-- MATERIAL PROVIDED --
+ + + +

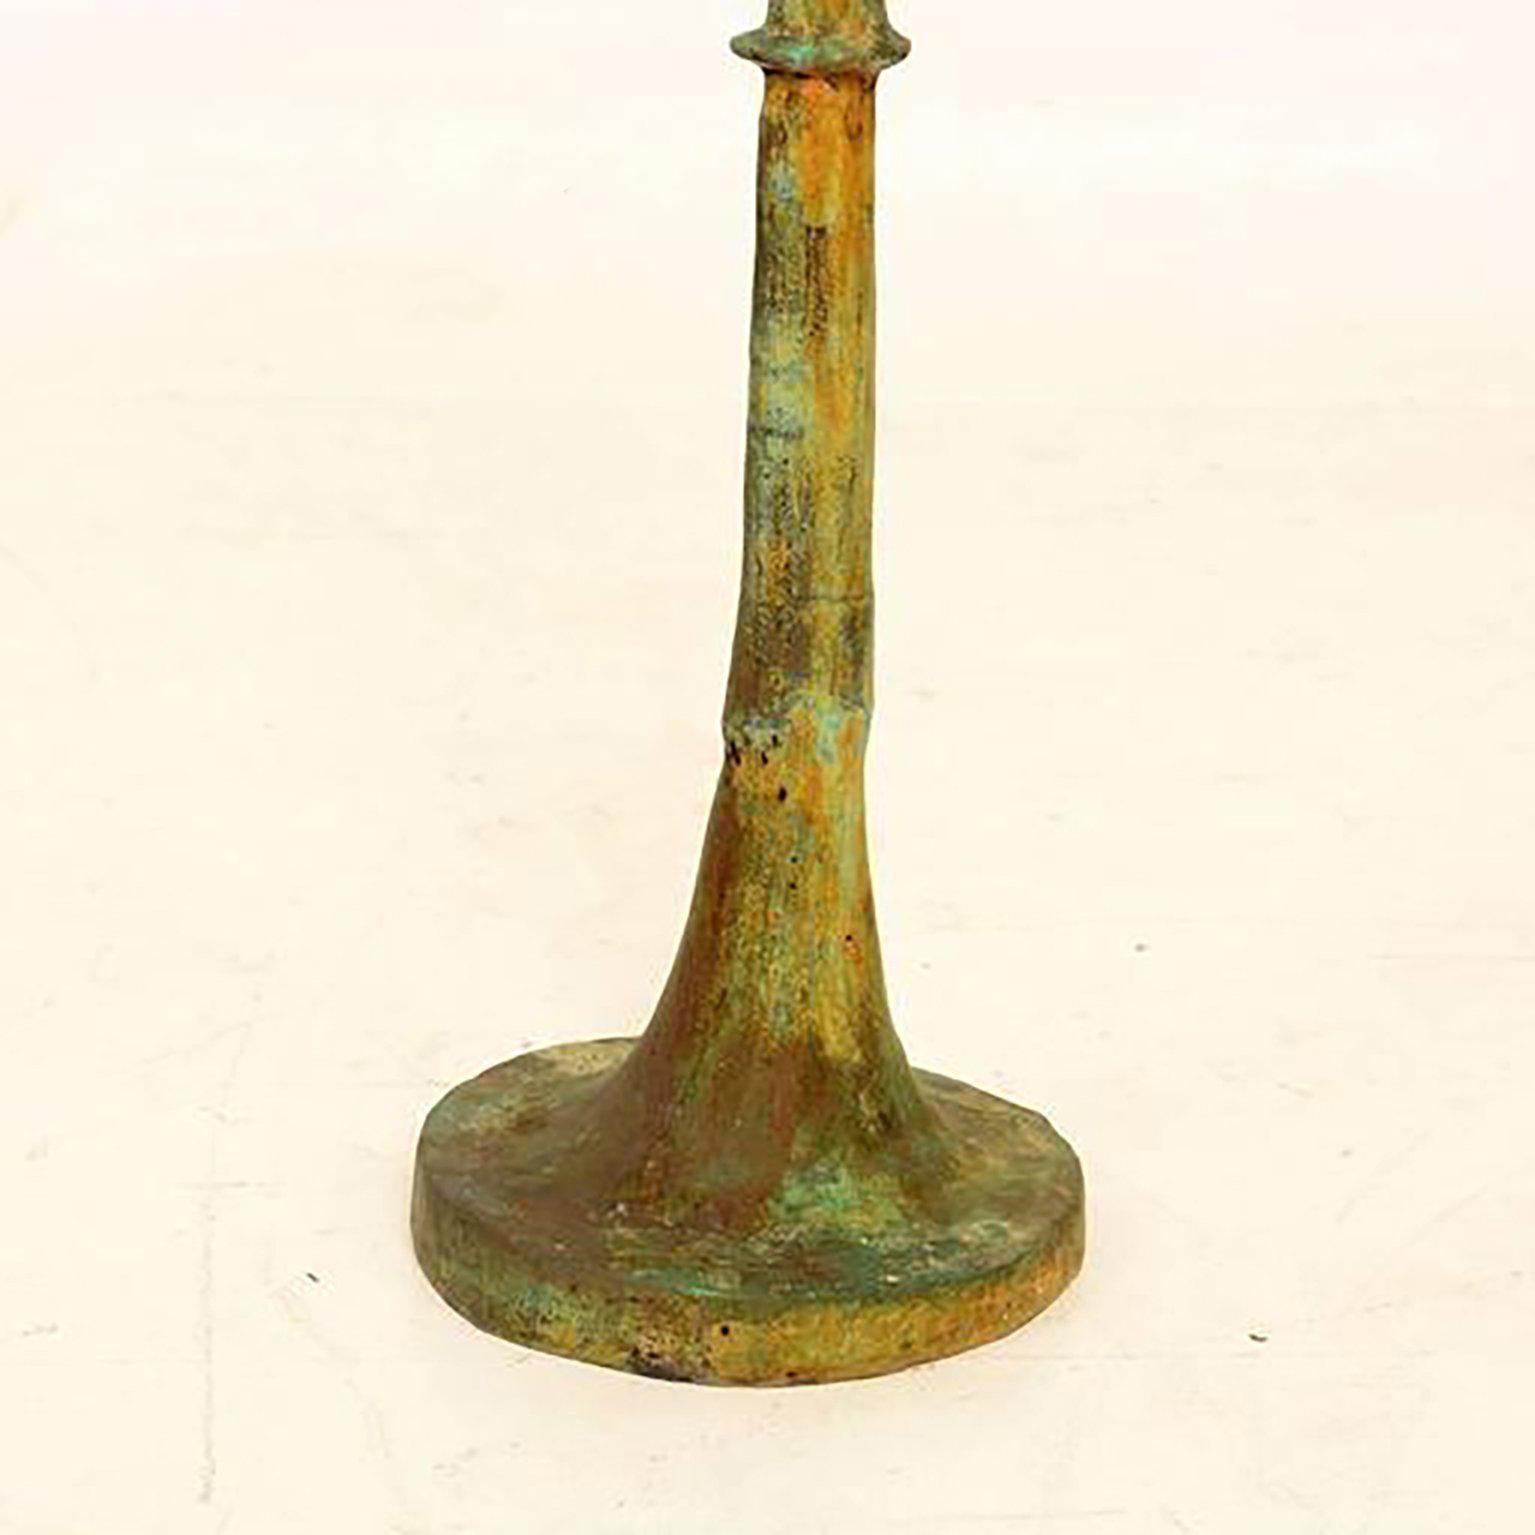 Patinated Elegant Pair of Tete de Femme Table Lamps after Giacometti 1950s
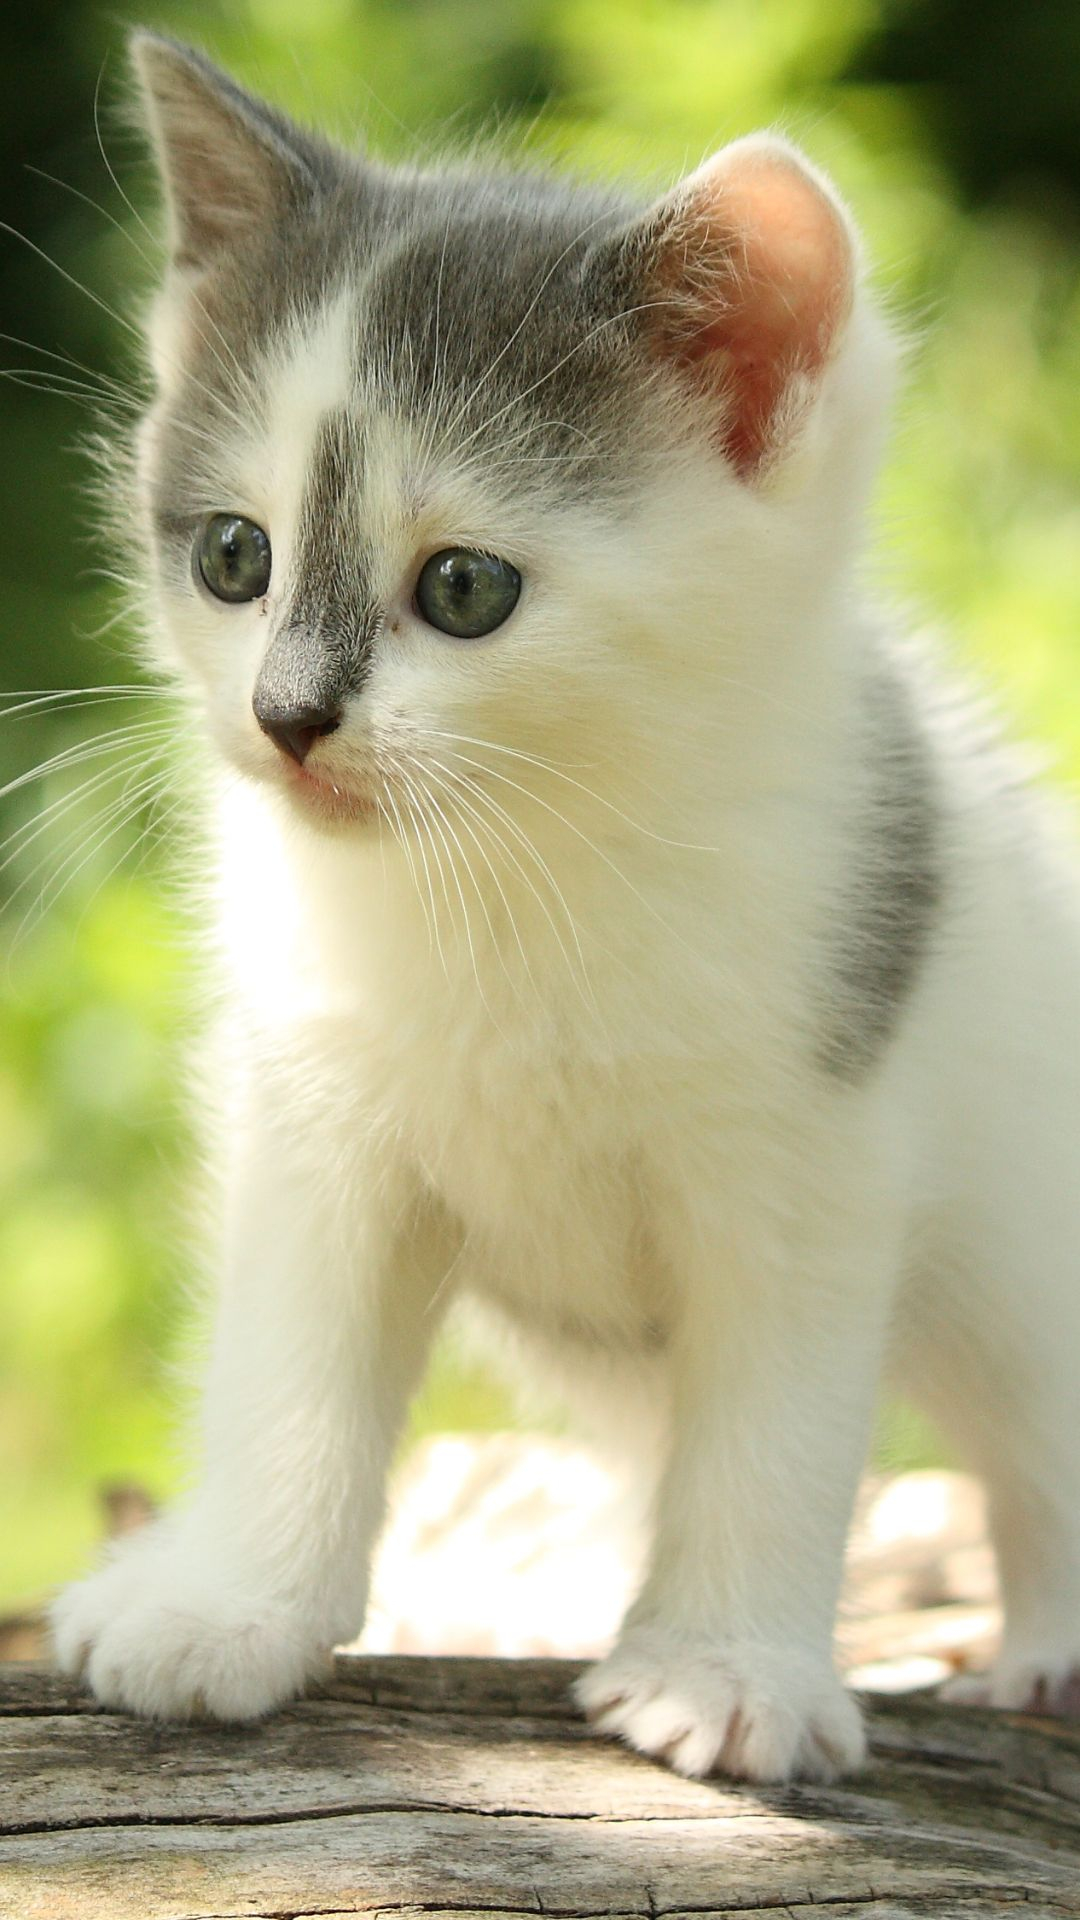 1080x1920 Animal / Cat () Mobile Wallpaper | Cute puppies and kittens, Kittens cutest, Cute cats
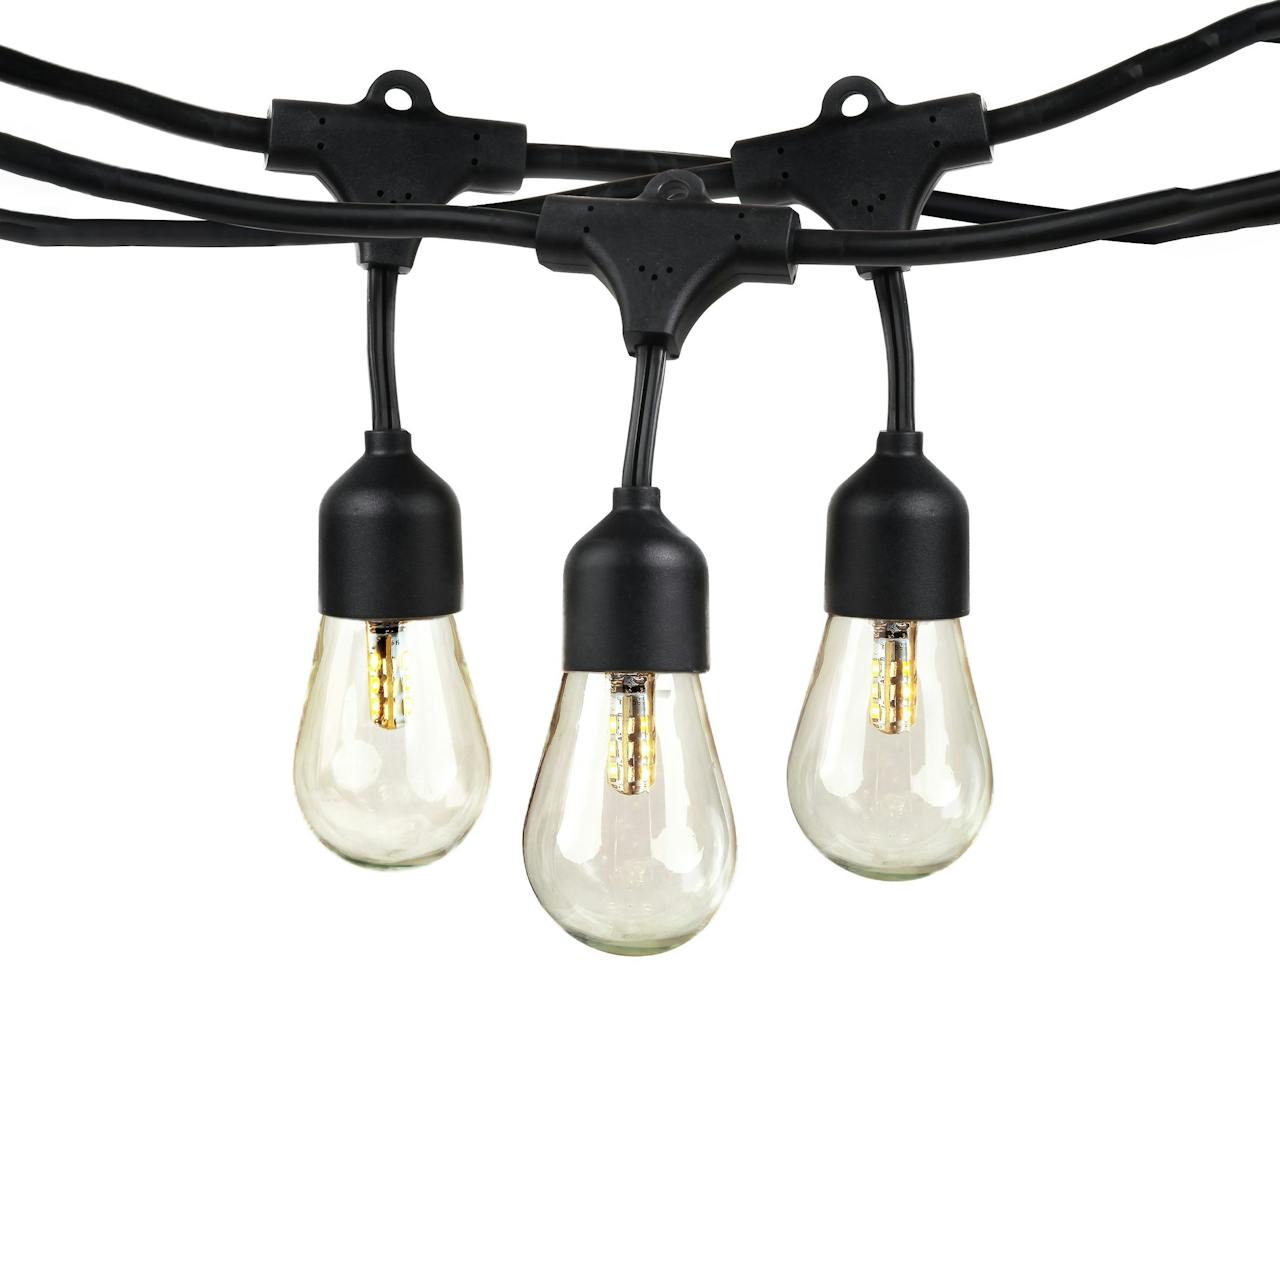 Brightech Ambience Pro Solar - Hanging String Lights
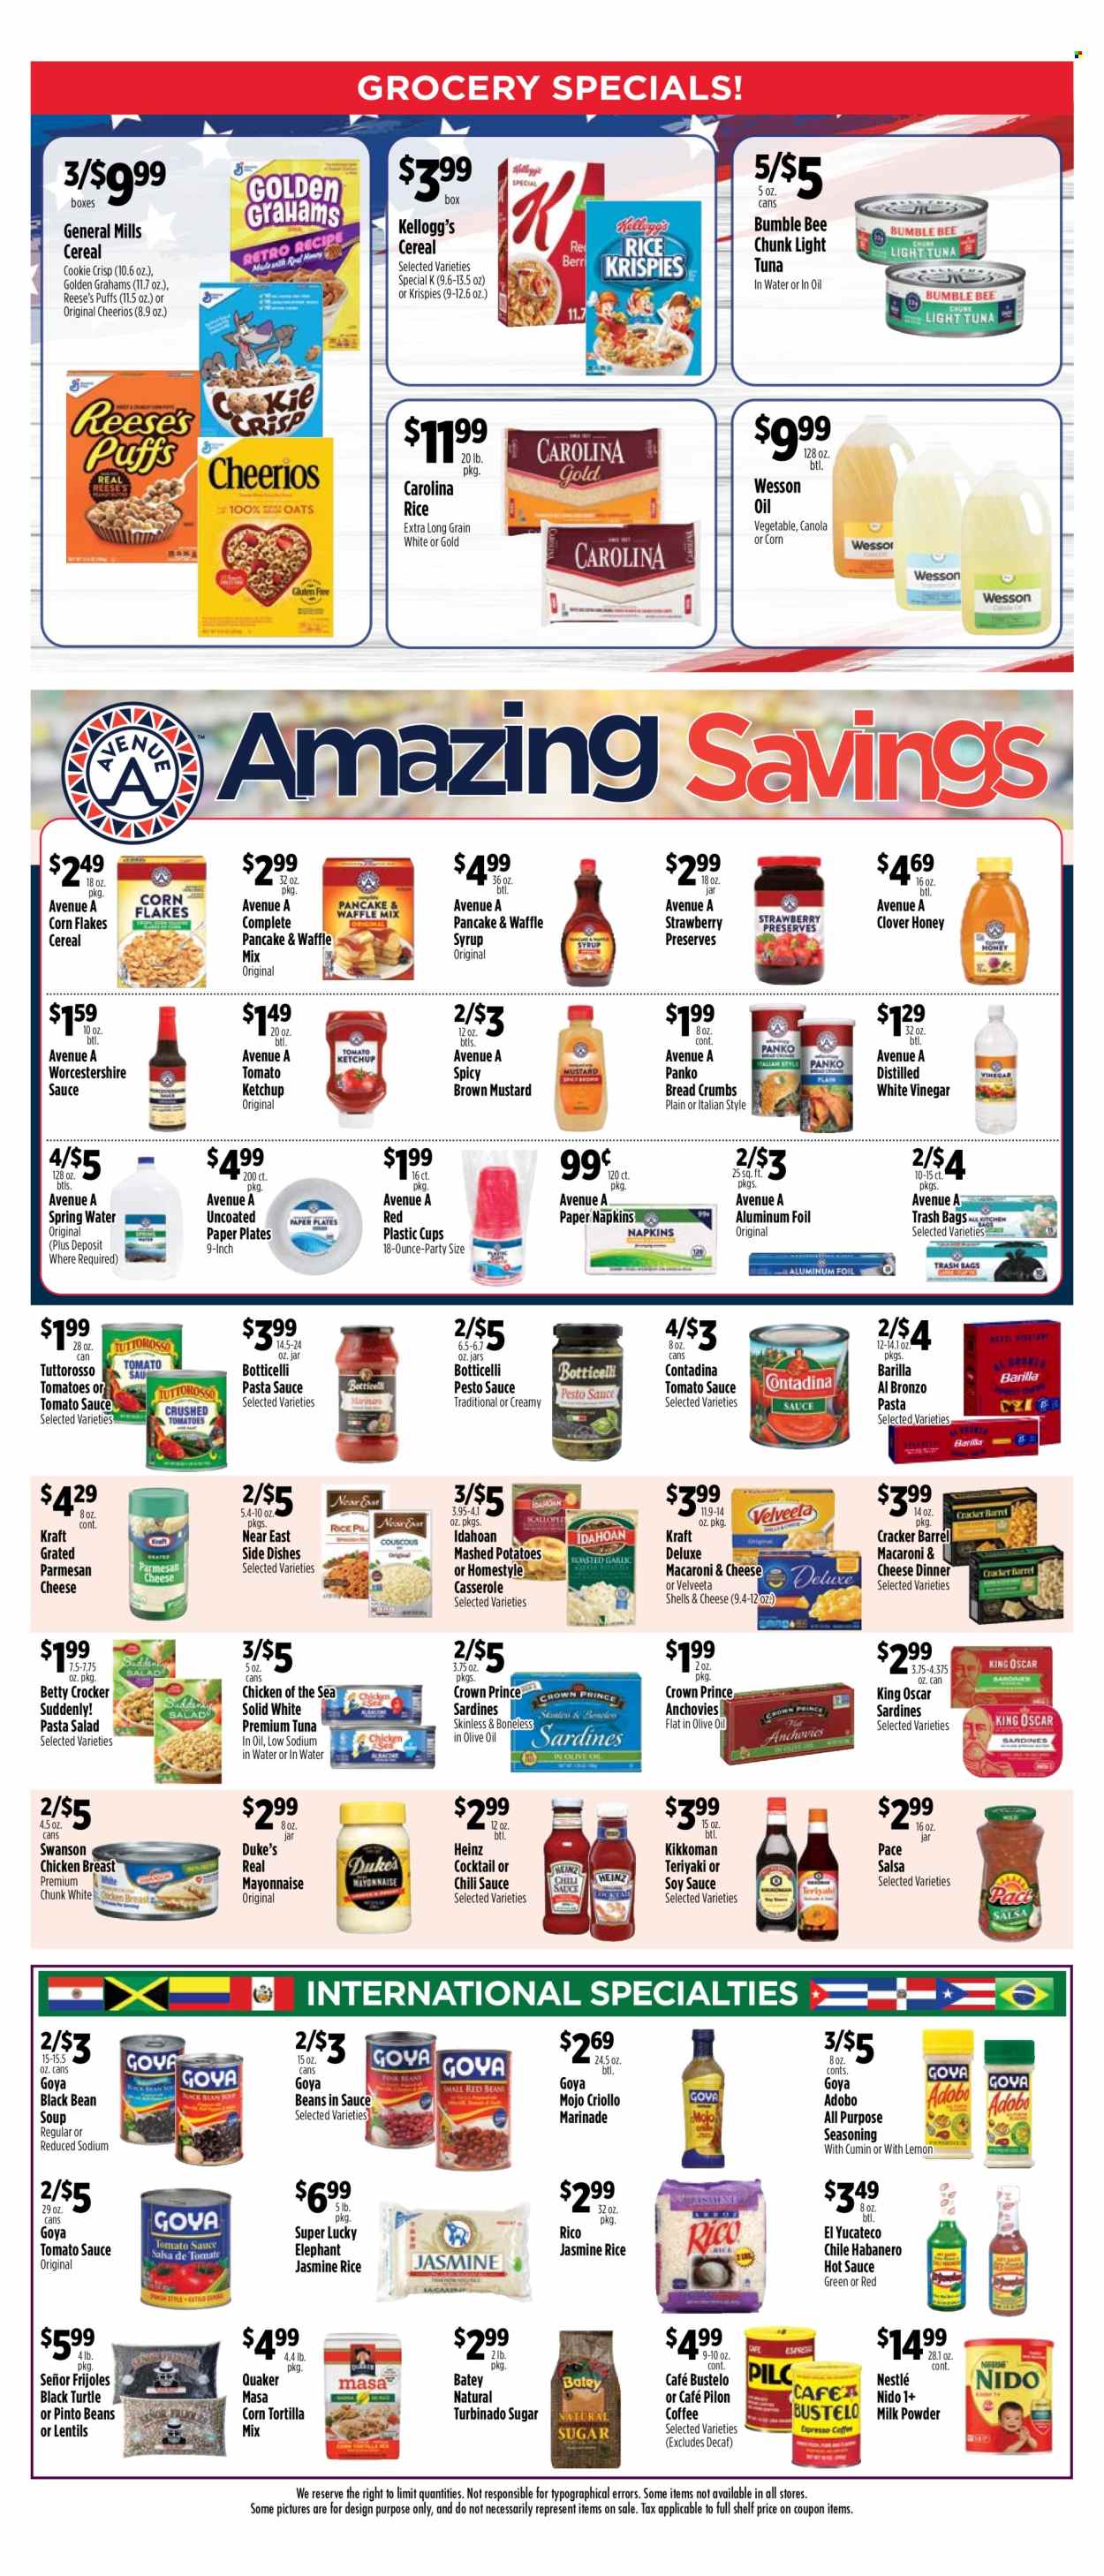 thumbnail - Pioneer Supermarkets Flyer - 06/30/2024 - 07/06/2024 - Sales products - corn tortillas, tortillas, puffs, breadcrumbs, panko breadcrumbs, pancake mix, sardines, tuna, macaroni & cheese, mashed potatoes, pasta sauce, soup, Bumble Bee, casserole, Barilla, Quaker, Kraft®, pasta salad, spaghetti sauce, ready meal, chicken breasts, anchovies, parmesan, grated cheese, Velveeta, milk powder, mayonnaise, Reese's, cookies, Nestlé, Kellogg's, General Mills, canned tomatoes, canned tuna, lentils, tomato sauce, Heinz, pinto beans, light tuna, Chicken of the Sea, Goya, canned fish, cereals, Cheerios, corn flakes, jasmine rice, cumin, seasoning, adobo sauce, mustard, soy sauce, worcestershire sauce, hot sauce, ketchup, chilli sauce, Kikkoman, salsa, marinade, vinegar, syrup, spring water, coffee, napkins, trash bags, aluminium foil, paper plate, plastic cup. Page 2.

+ + + +

-- WHAT THE EXERCISE ASKS --
After locating the line with "Brightech Ambience Pro" in the listing above, transcribe it and every line after it to the last, exactly, with no pictures.

-- REPLY --
 Brightech Ambience Pro Solar - Hanging String Lights
 thumbnail - Pioneer Supermarkets Flyer - 06/30/2024 - 07/06/2024 - Sales products - corn tortillas, tortillas, puffs, breadcrumbs, panko breadcrumbs, pancake mix, sardines, tuna, macaroni & cheese, mashed potatoes, pasta sauce, soup, Bumble Bee, casserole, Barilla, Quaker, Kraft®, pasta salad, spaghetti sauce, ready meal, chicken breasts, anchovies, parmesan, grated cheese, Velveeta, milk powder, mayonnaise, Reese's, cookies, Nestlé, Kellogg's, General Mills, canned tomatoes, canned tuna, lentils, tomato sauce, Heinz, pinto beans, light tuna, Chicken of the Sea, Goya, canned fish, cereals, Cheerios, corn flakes, jasmine rice, cumin, seasoning, adobo sauce, mustard, soy sauce, worcestershire sauce, hot sauce, ketchup, chilli sauce, Kikkoman, salsa, marinade, vinegar, syrup, spring water, coffee, napkins, trash bags, aluminium foil, paper plate, plastic cup. Page 2.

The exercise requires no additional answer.